• Source material:
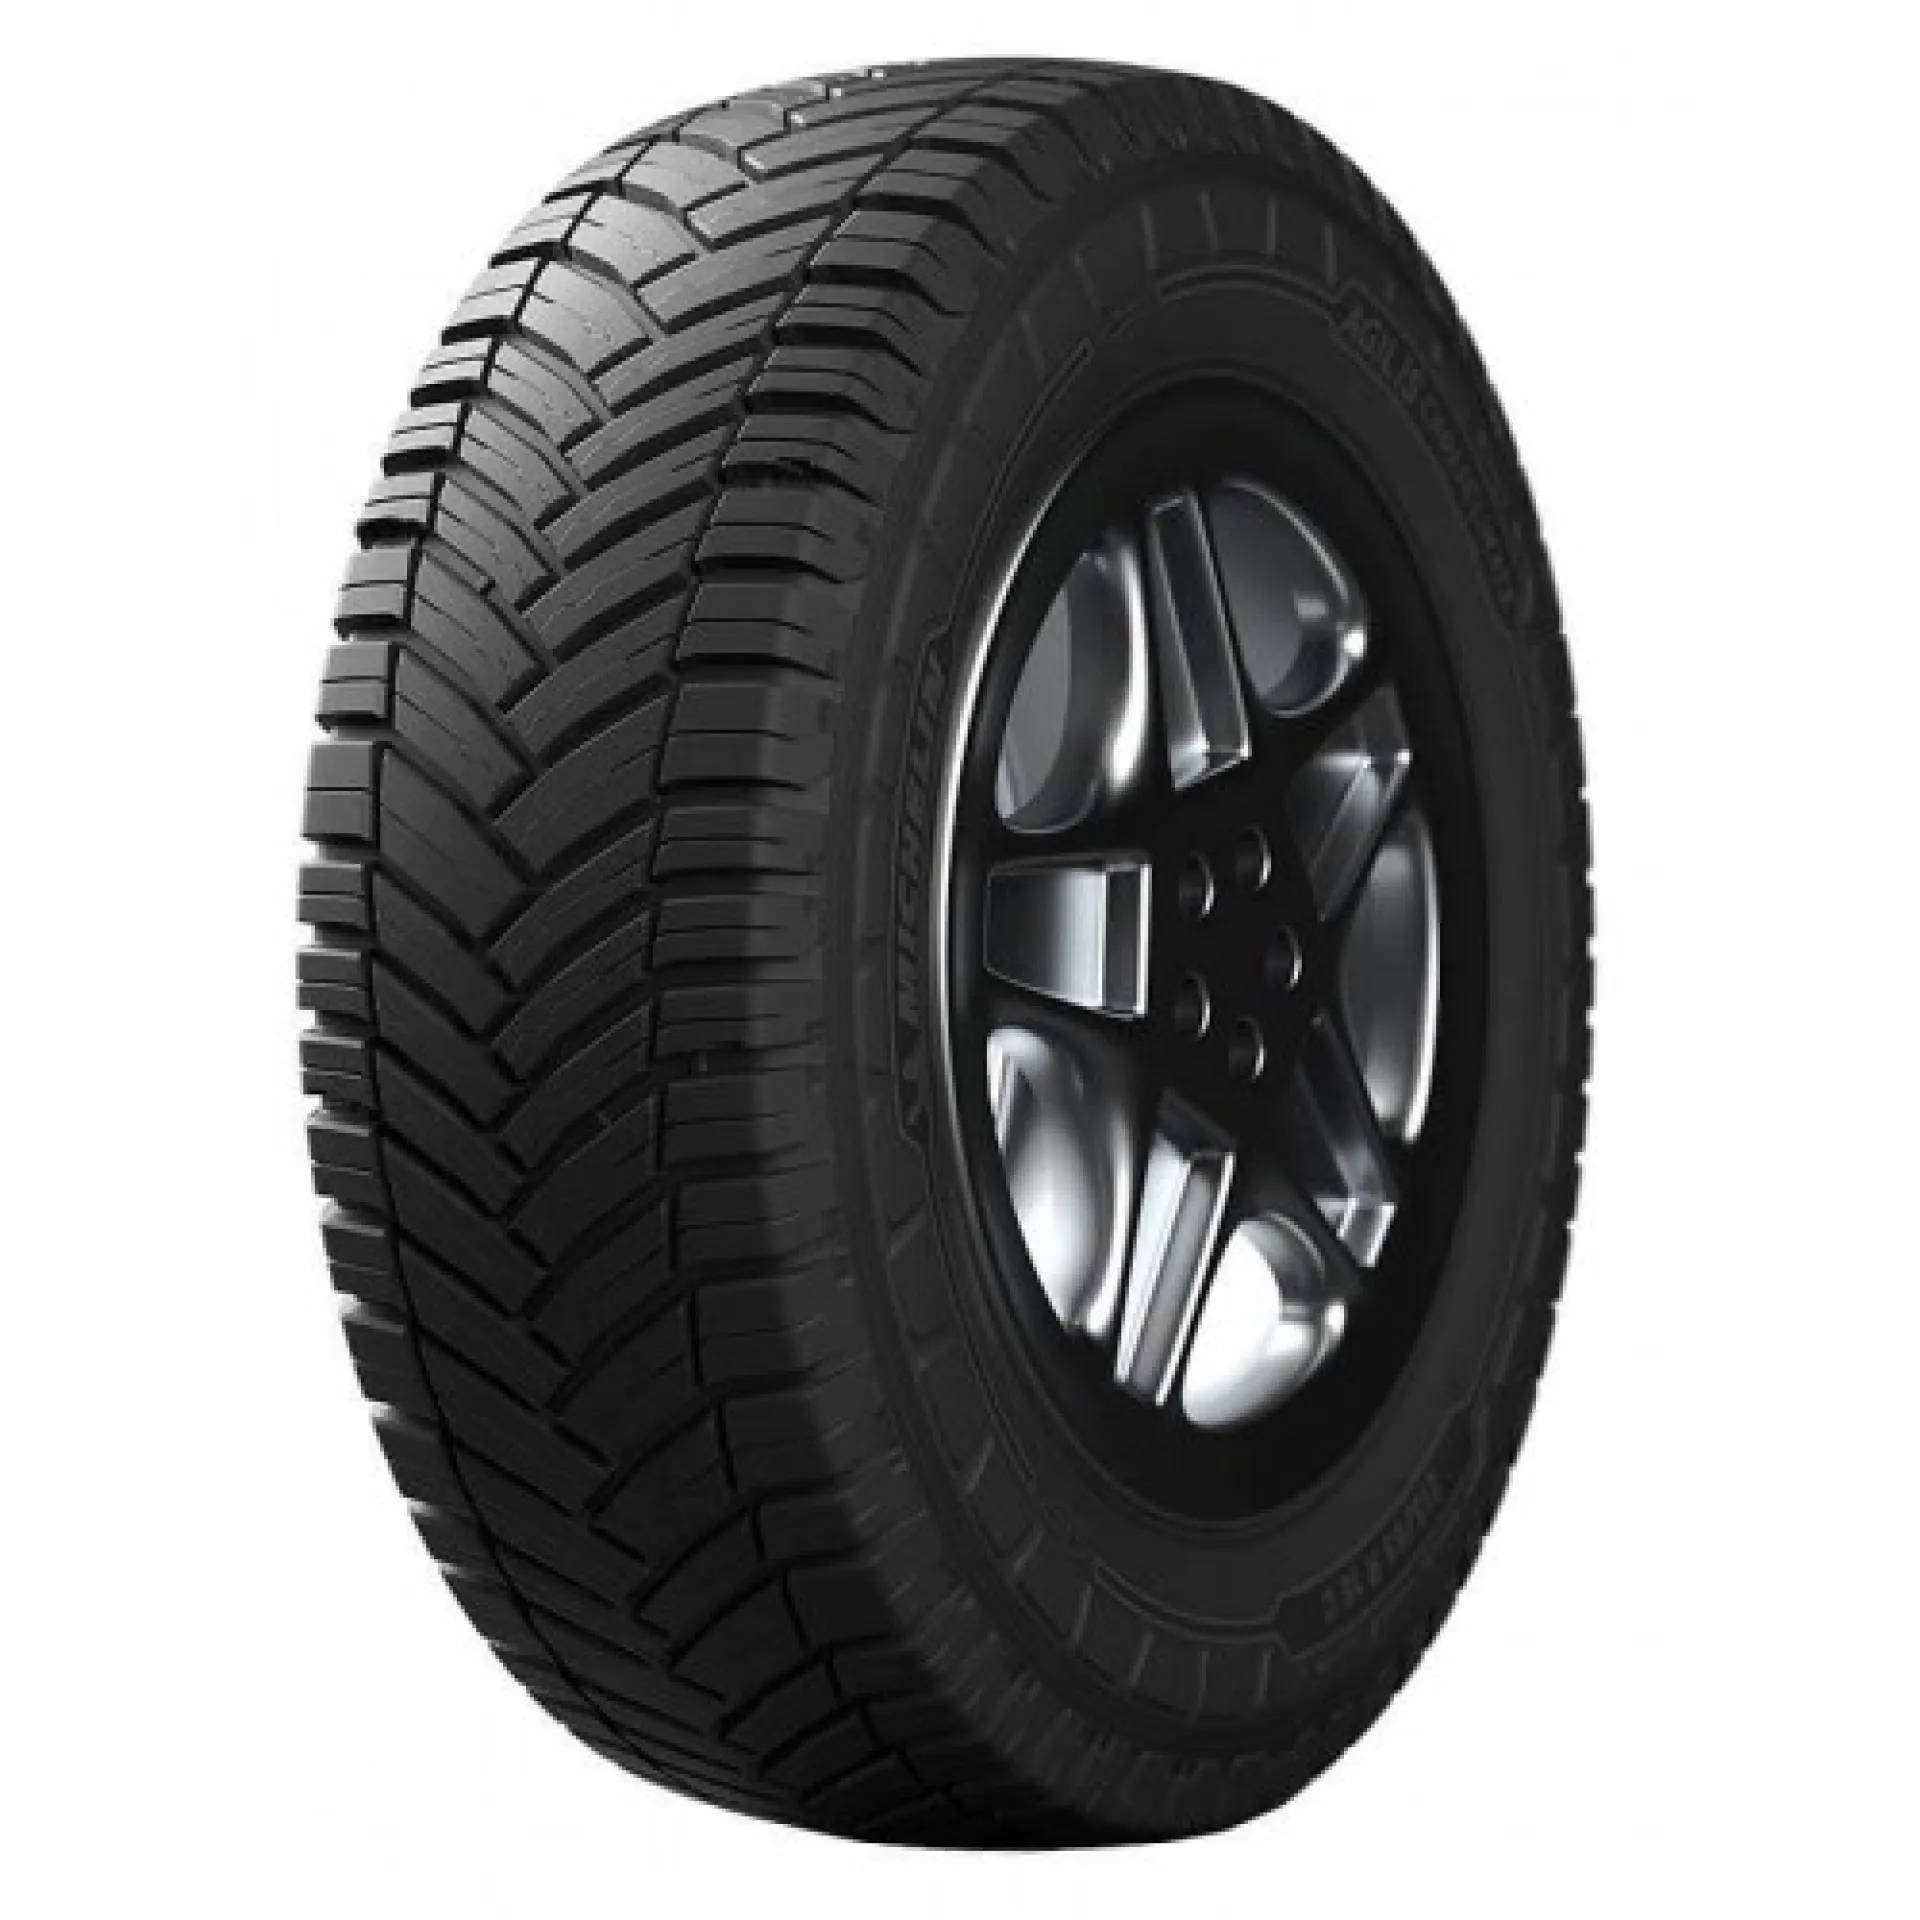 Tyre Michelin CrossClimate - Agilis Tests Reviews and
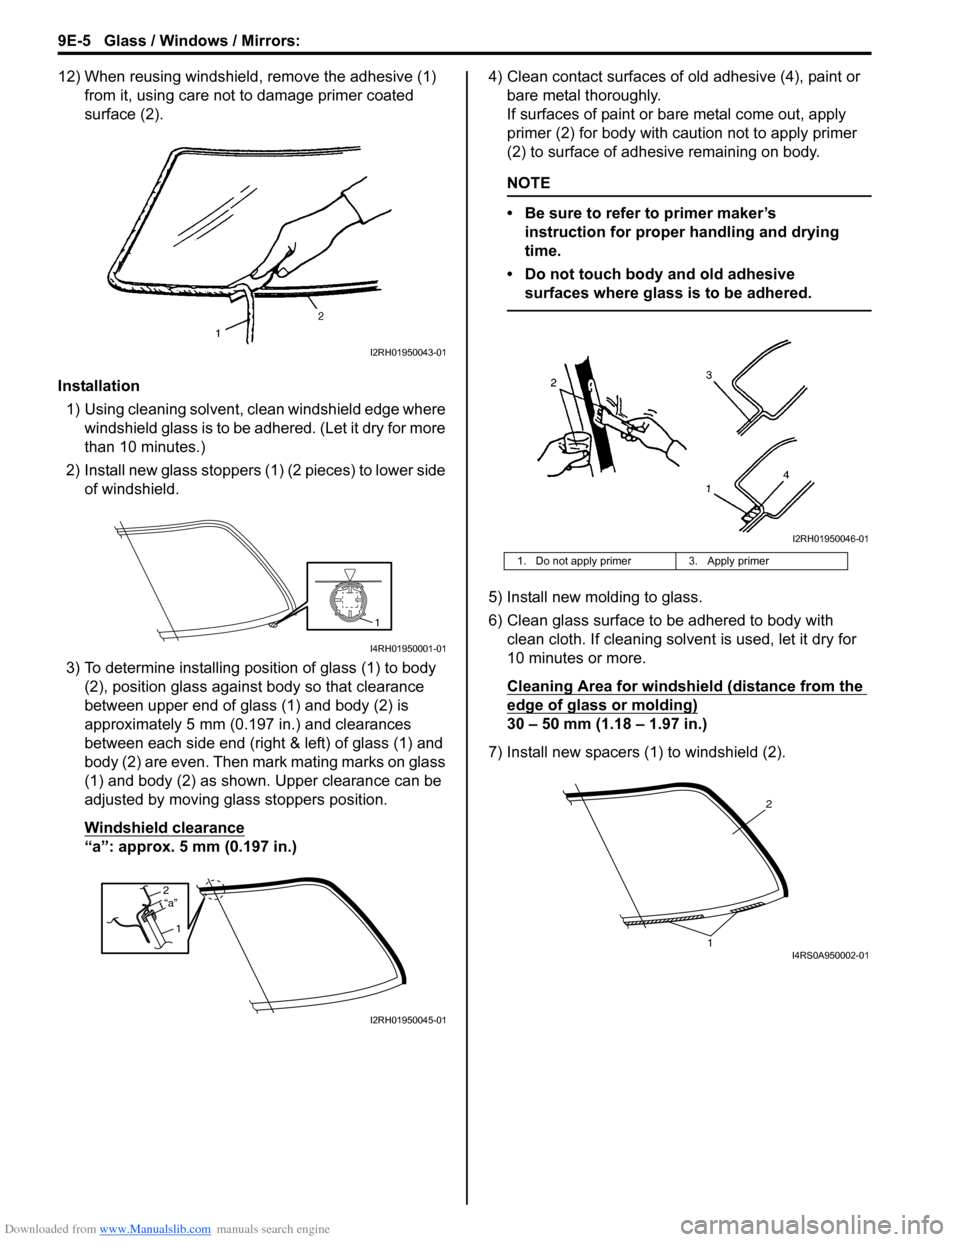 SUZUKI SWIFT 2007 2.G Service Workshop Manual Downloaded from www.Manualslib.com manuals search engine 9E-5 Glass / Windows / Mirrors: 
12) When reusing windshield, remove the adhesive (1) from it, using care not to damage primer coated 
surface

• Work instruction: Would you restate the listing word for word without its pictures?

• Task result:
 Tyre Michelin CrossClimate - Agilis Tests Reviews and
 SUZUKI SWIFT 2007 2.G Service Workshop Manual Downloaded from www.Manualslib.com manuals search engine 9E-5 Glass / Windows / Mirrors: 
12) When reusing windshield, remove the adhesive (1) from it, using care not to damage primer coated 
surface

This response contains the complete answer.